Monday, August 20, 2012

‘Just Label It” campaign

While the Food and Drug Administration has seemingly reached the limit for  unbelievable behavior, the company’s decisions continue to astound and appall  consumers and health activists alike. In the agency’s latest decision,  undoubtedly amazing thousands of individuals yet again, the FDA virtually erased  1 million signatures and comments on the ‘Just Label It’ campaign  calling for the labeling of genetically  modified foods.

The ‘Just Label It” campaign has gotten  more signatures than any campaign in history for the labeling of genetically  modified foods. Since October of 2011, the campaign has received over 900,000  signatures, with 55 politicians joining in on the movement. So what’s the  problem here?


Evidently, the FDA counts the amount of signatures not by how many people  signed, but how many different individual letters are brought to it. To the FDA,  even tens of thousands of signatures presented on a single petition are  counted as – you guessed it – a single comment. This is how, despite  over a million supporters being gathered by the petition, the FDA concluded a  count of only 394.


“This is an election year and there are more than a million people who say  this is important to them. This is petition has nothing to do with whether or  genetically modified foods are dangerous. We don’t label dangerous foods, we  take them off the shelves. This petition is about a the citizens’ right to know  what they are eating and whether or not these foods represent a novel change.” said Andrew Kimbrell an attorney for the Center for Food Safety, one of the  partner groups on the Just Label It campaign.
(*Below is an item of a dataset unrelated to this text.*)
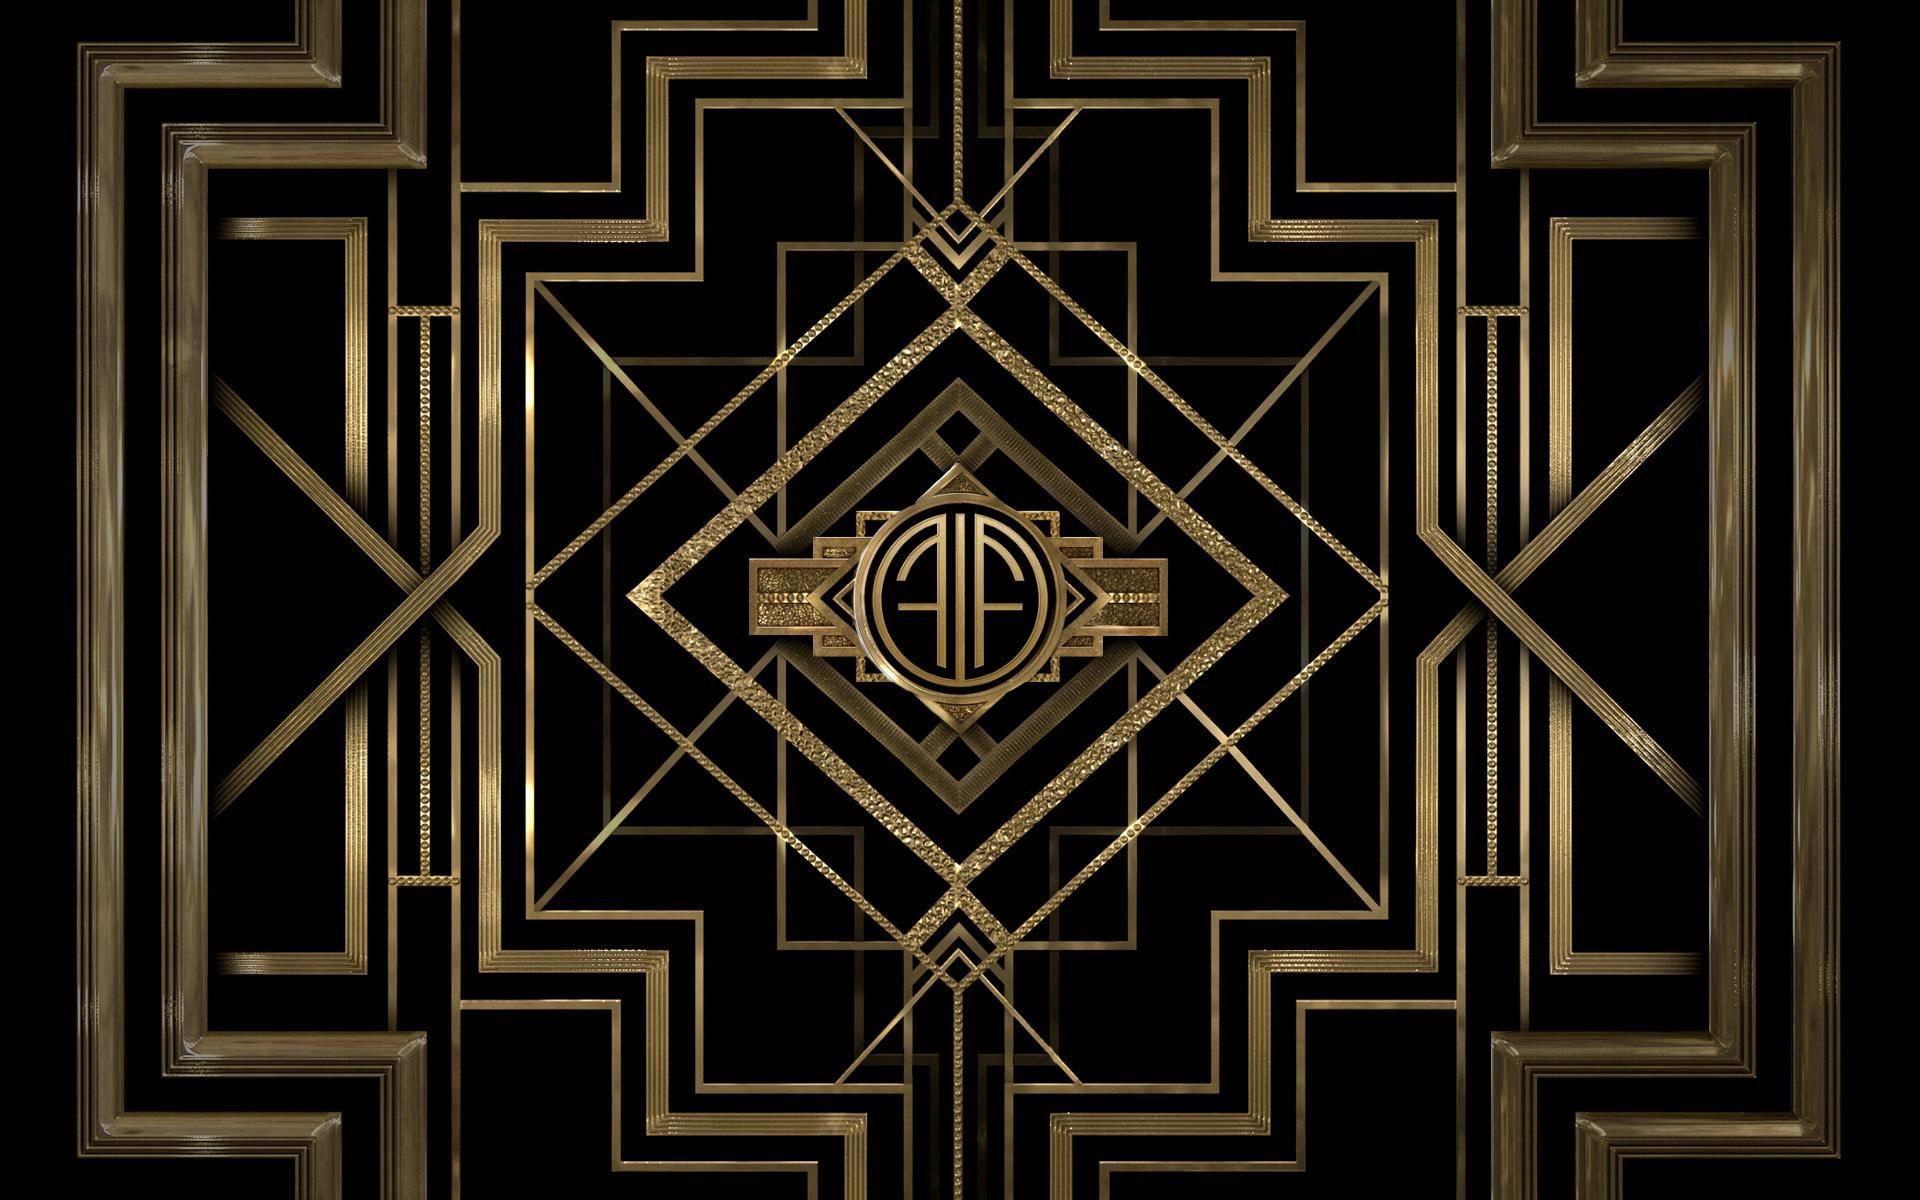 The Great Gatsby Wallpaper, 44 The Great Gatsby Image for Free

The argument as to whether genetically modified foods are dangerous is a  whole discussion on its own, but for the FDA to completely sidestep away from  the labeling of GM foods is completely and utterly irresponsible. Consumers have  every right to know what they are consuming. Needless to say, biotechology giant  Monsanto is against GMO labeling, claiming that it would mislead consumers since  GMOs are ‘perfectly safe’. Of course there is plenty of evidence proving that GMOs  are not completely safe, and how they affect life in the long-term is  questionable to say the least. Either way, there is enough controversy  surrounding the issue which is cause for alarm for millions of people, and  Monsanto’s opinion on GMOs safety is a sorry excuse for not labeling foods as  GM. Is the FDA avoiding such an issue because so  many ties exist between genetically modified makers like Monsanto and the  agency?

The bottom line is that you have the right to know what is in your food, and  what your food IS. Denying that right, whether it be by the essential deletion  of millions of signatures on a petition, or by ignoring the voices of thousands  of people on the street, is taking power away from the people.